Потом какая-то комната и боковая дверь, обитая железом, из которой должен выйти Сталин. Два красноармейца по бокам. Какой-то человек за столом, зачитывающий приговор. Потом леденящие ужасом слова: «Приговор привести в исполнение».
Теперь, сейчас, последний шанс. «Умираю за товарища Сталина. За дело великой революции», — фальцетом вырвавшиеся слова. Ну, что теперь? Ничего… Смерив безразличным взглядом, некто, приговорщик, устало плюхнулся в кресло и нажал какую-то кнопку. Боковая железная дверь распахнулась, и оттуда появились двое в зеленоватой форме, прикрытой мясницкими передниками.

Мгновенно заломив руки за спину, они потащили его к проёму железной двери. Согнувшись от боли, едва переставляя ноги, он переступил порог. Потом, всё так же превозмогая боль, он приподнял голову и увидел... Да, то самое — его собственное изобретение, чертёжик которого он когда-то представил на рассмотрение особой комиссии, названное им так же лихо, революционно и бескомпромиссно — «Устройство для свершения высшего справедливого суда пролетариата». Деревянное, дабы пули не рикошетили корыто со сливом и ведро для выноса остатков от завершённого приговора.

Он и не думал сопротивляться. Просто ноги подогнулись сами собой. Раздался хруст, и заломленные за спиной руки неестественно вывернулись назад. Он упал на пол, ткнувшись лицом в сапог палача. «Кусаться, сука!», — лишь расслышал он истерический вопль. Потом какие-то глухие удары. Боли он уже не чувствовал. Он просто не хотел... Его кто-то хватал за ноги, за рубашку, за вывороченные руки, дико матерился и что-то орал. Потом на секунду удары стихли.

Словно свысока донёсся голос: «Чего телитесь? У меня уж другой на подходе». И в ответ — какой-то виноватый, земной: «Дык тяжёлый же он и лягается». И вновь голос, словно с небес: «Верёвкой тащите! Сподручней будет. Всему учить вас надо, долбоё…в».
 
Ещё через секунду он почувствовал, как на шее захлестнулась верёвка. Кто-то тащил его по полу, скользкому от грязи и крови — туда, где свершается высшая справедливость. Ещё через секунду его приподняли с пола, грубо бросили и прижали горлом к борту деревянного корыта. Залепленные слезами и грязью глаза на долю секунды выхватили дно, залитое чёрной кровью вперемешку с остатками мозгов и осколками костей. И вдруг… Там, словно в зеркале, он увидел свою Тоню. Свою первую Тоню. Её сине-васильковые глаза, её жалобное, одёрнутое безысходностью лицо — такую же, как тогда, когда она принесла в его дом его сына. «Тоня, прости», — лишь прошептал он.

Он не слышал звука выстрела. Просто исчезла Тоня. Растеклась васильковая синь клубами серого дыма, превратившись в непроглядную чёрную тьму...
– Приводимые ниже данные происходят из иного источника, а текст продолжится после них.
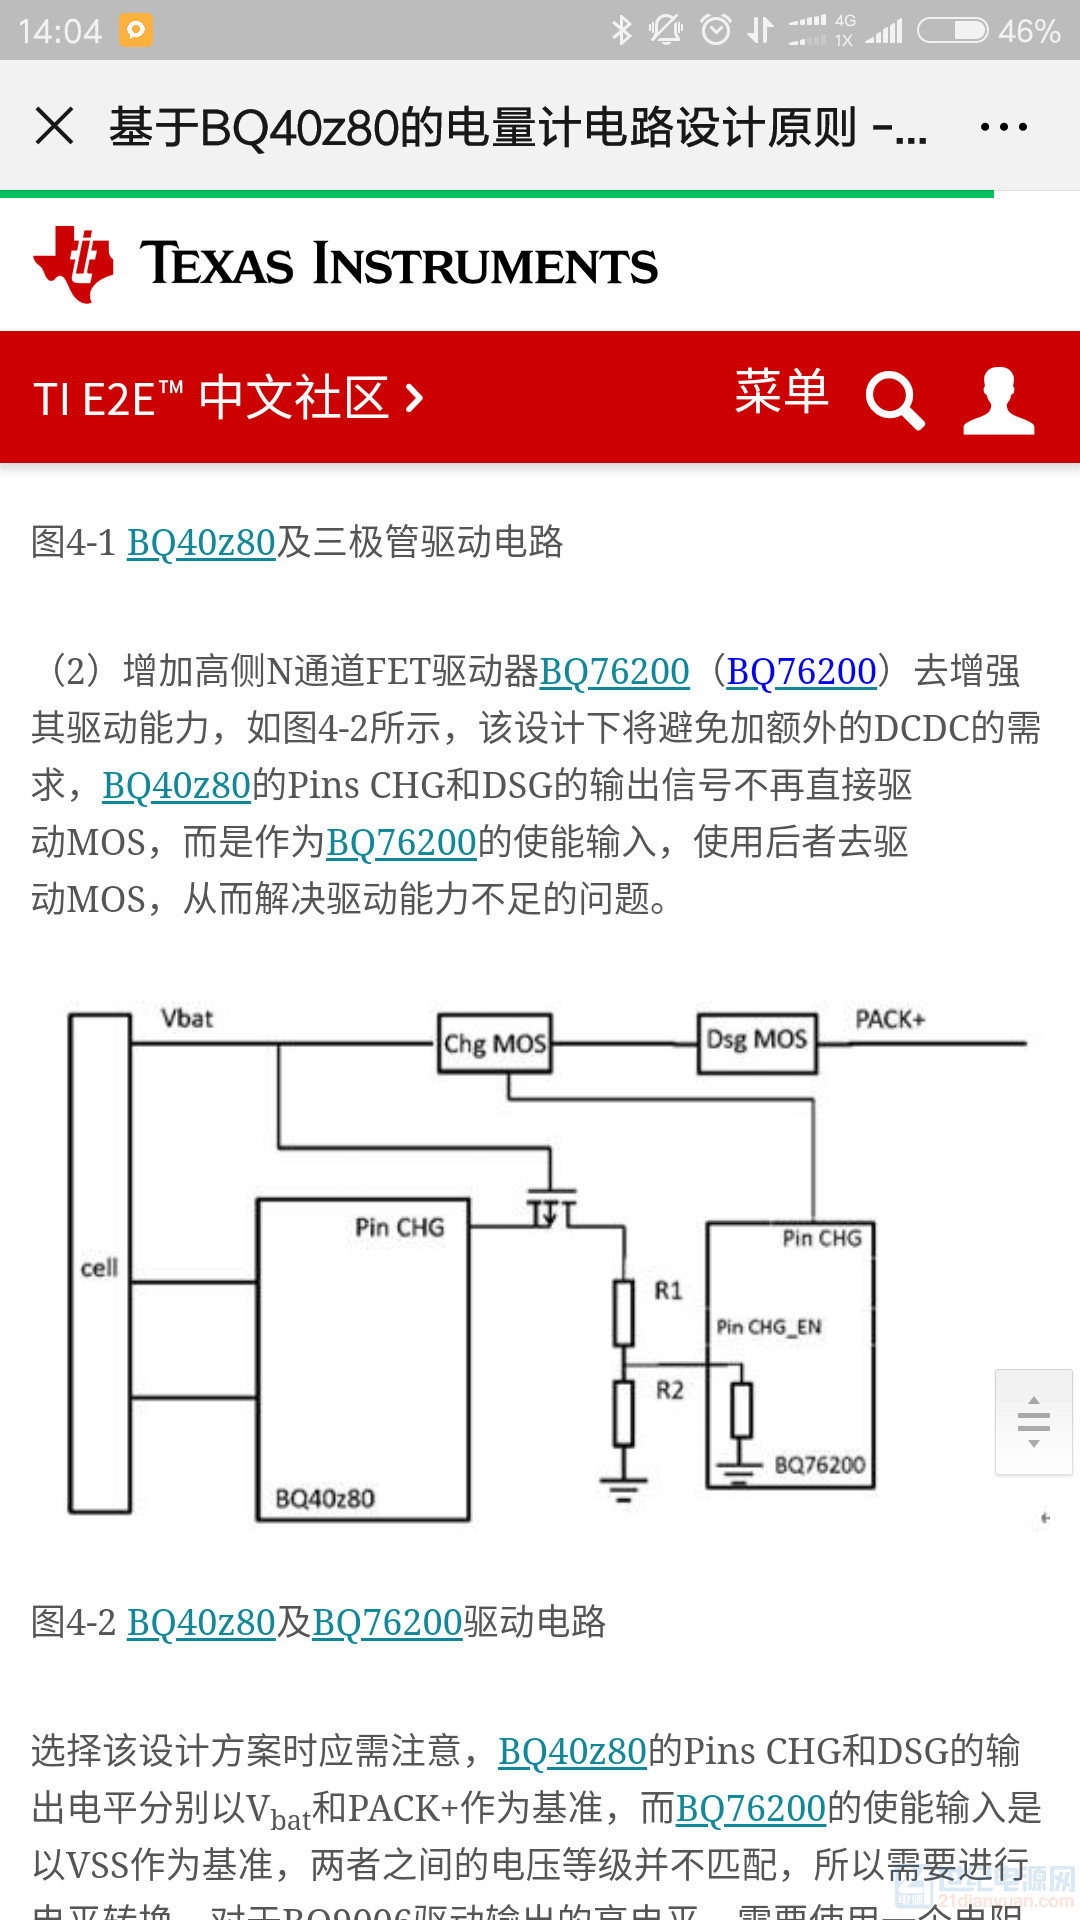 Screenshot_2019-11-01-14-04-05-232_com.tencent.mm.png

А потом что было? Не имеет это никакого значения, иррелевант, как говорится. Не оставил он ничего после себя на своей как бы Родине. Жена его, товарищ Велре, умерла где-то в ссылке, так ничего и не поняв. Тихо уснула, прижимая к себе, словно Тору, томик Карла Маркса. Сын его был задушен по пути в детприёмник. Хоть и сказано было, что сын за отца не отвечает, но для больших людей следовало делать маленькое исключение. Всё верно. Так уж повелось. Так всегда поступали все тираны со времен Юлия Цезаря.
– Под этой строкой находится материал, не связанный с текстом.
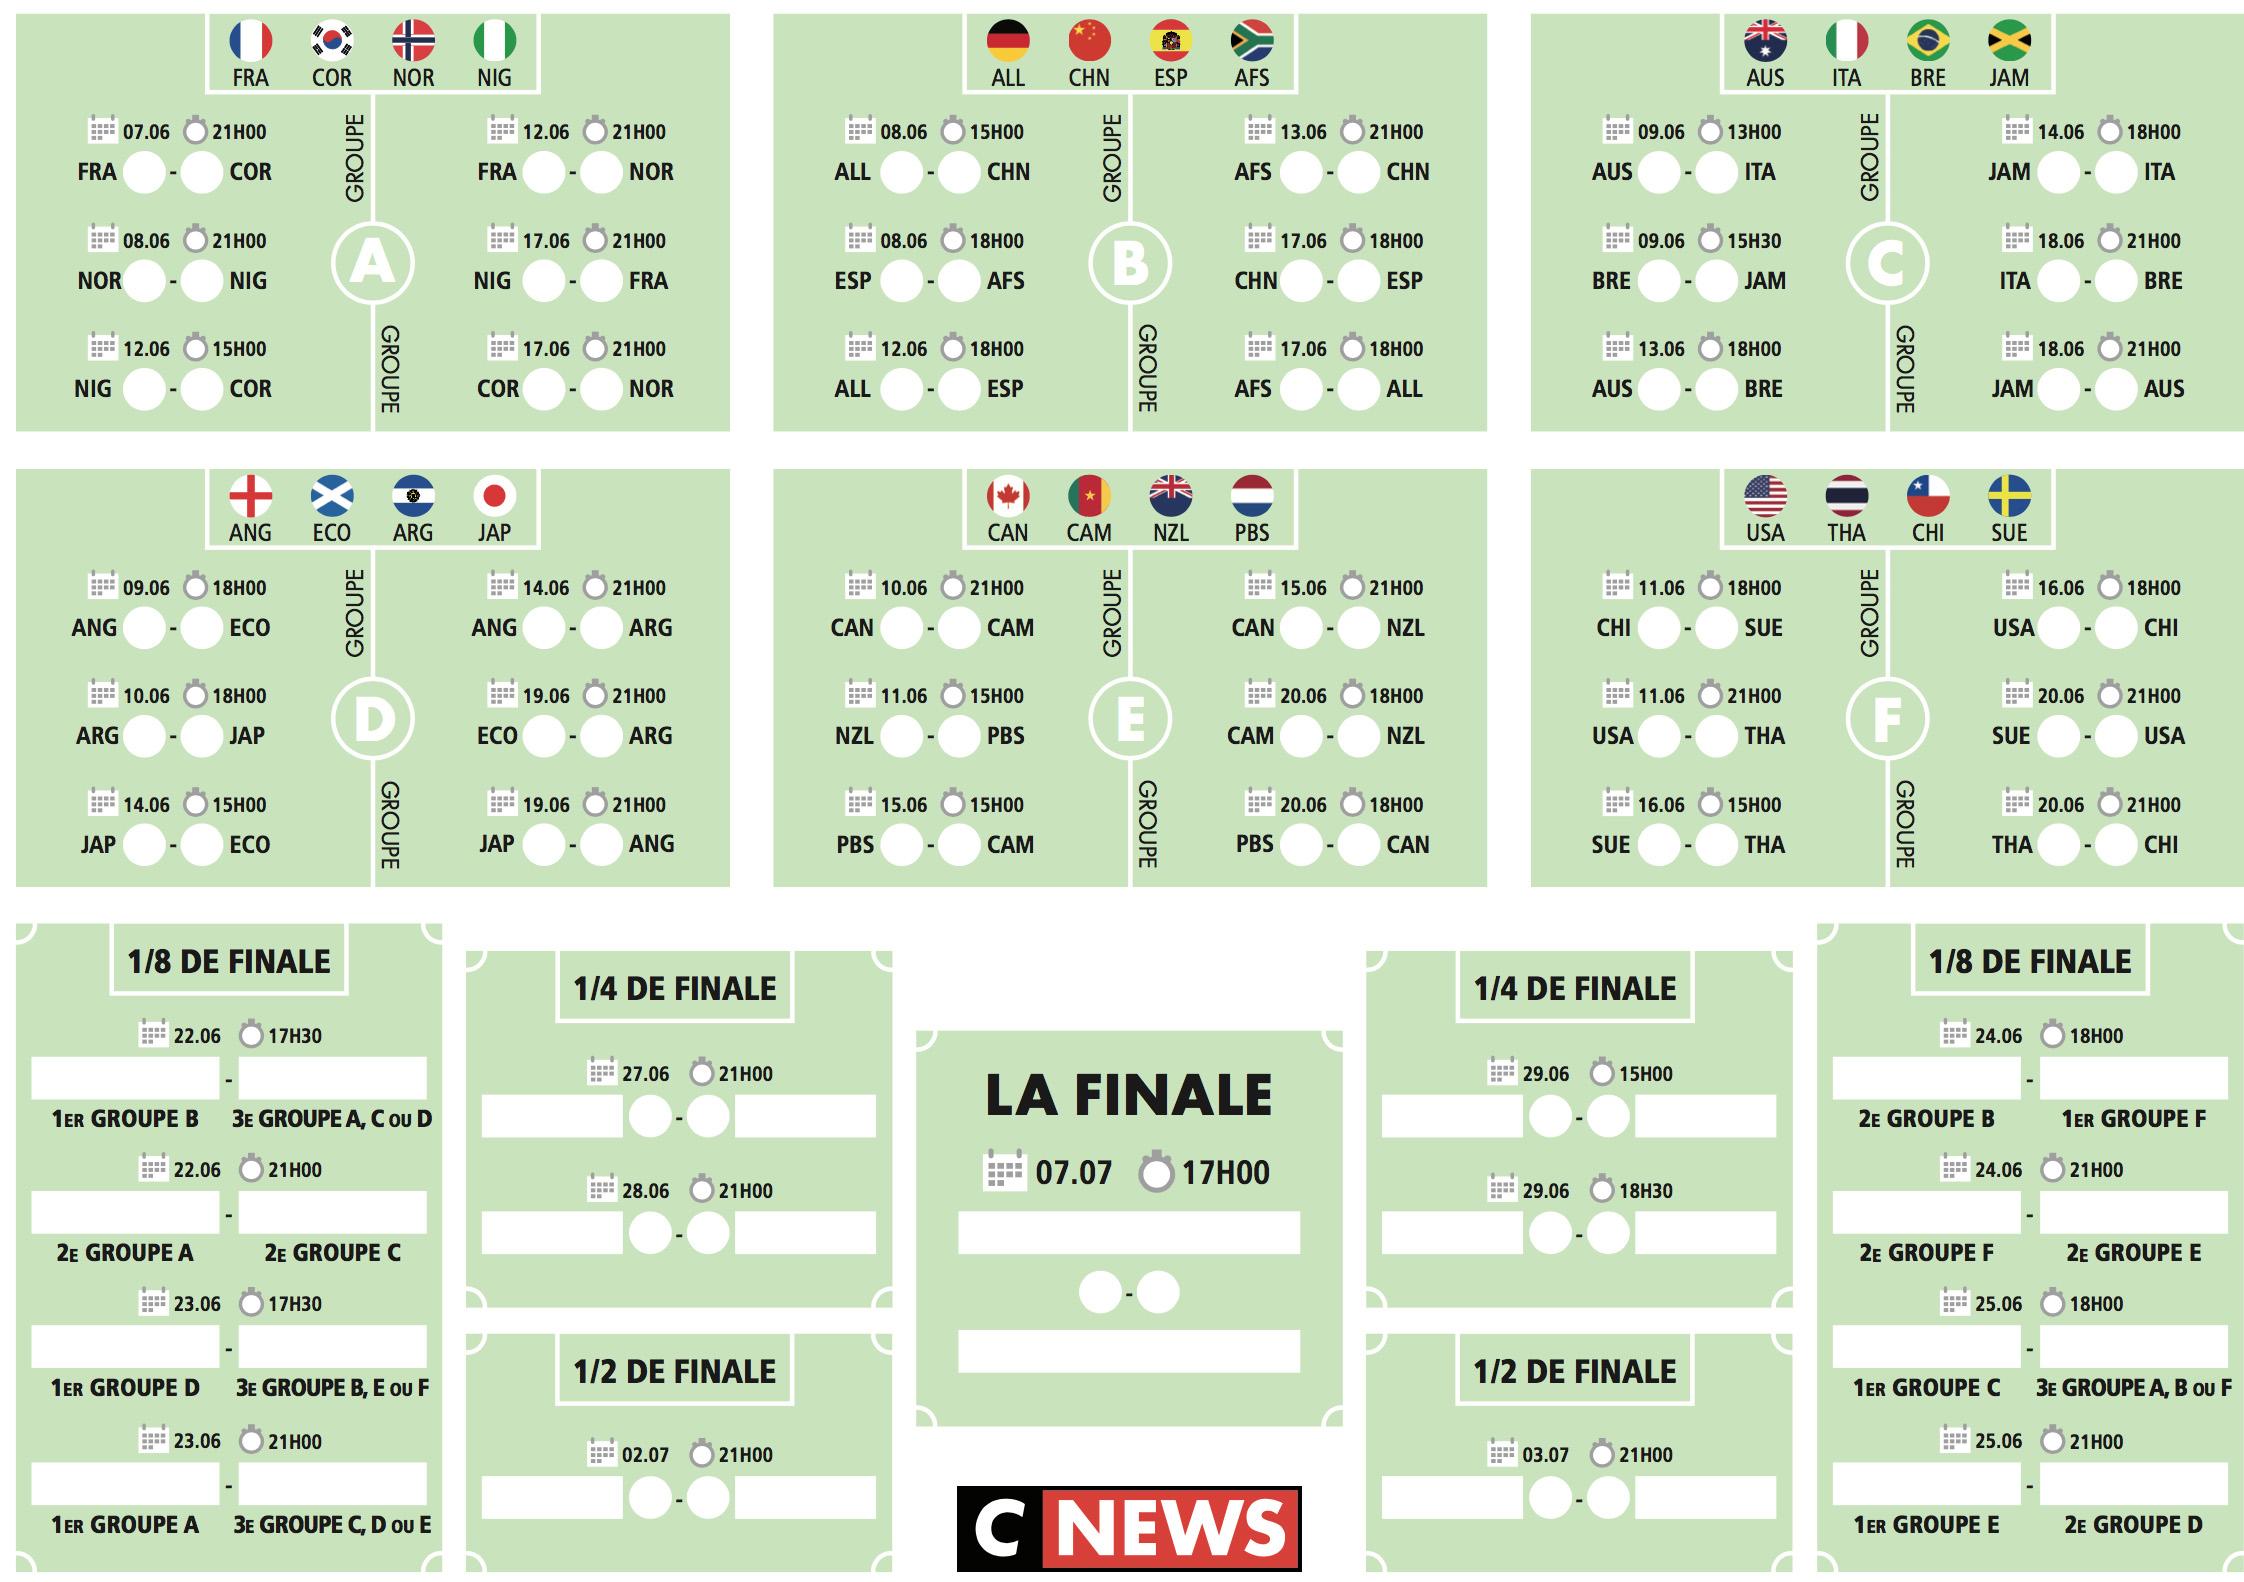 Calendrier Fifa Coupe Du Monde 2020.Telechargez Le Calendrier De La Coupe Du Monde Feminine De

И вот лишь одно случайно брошенное семя, случайная слабость, случайное доброе дело дало росток. Вырванная из дома, брошенная на турецкий корабль его семья, сын его и Тоня пустили корни в библейской Палестине. Вошли в двойную спираль, чтобы потеряться и разбрестись по святой земле. Чтобы много-много лет спустя в одном Иерусалимском автобусе блеснули чьи-то глаза синим васильковым огоньком, словно говоря: «Отгадай, откуда?».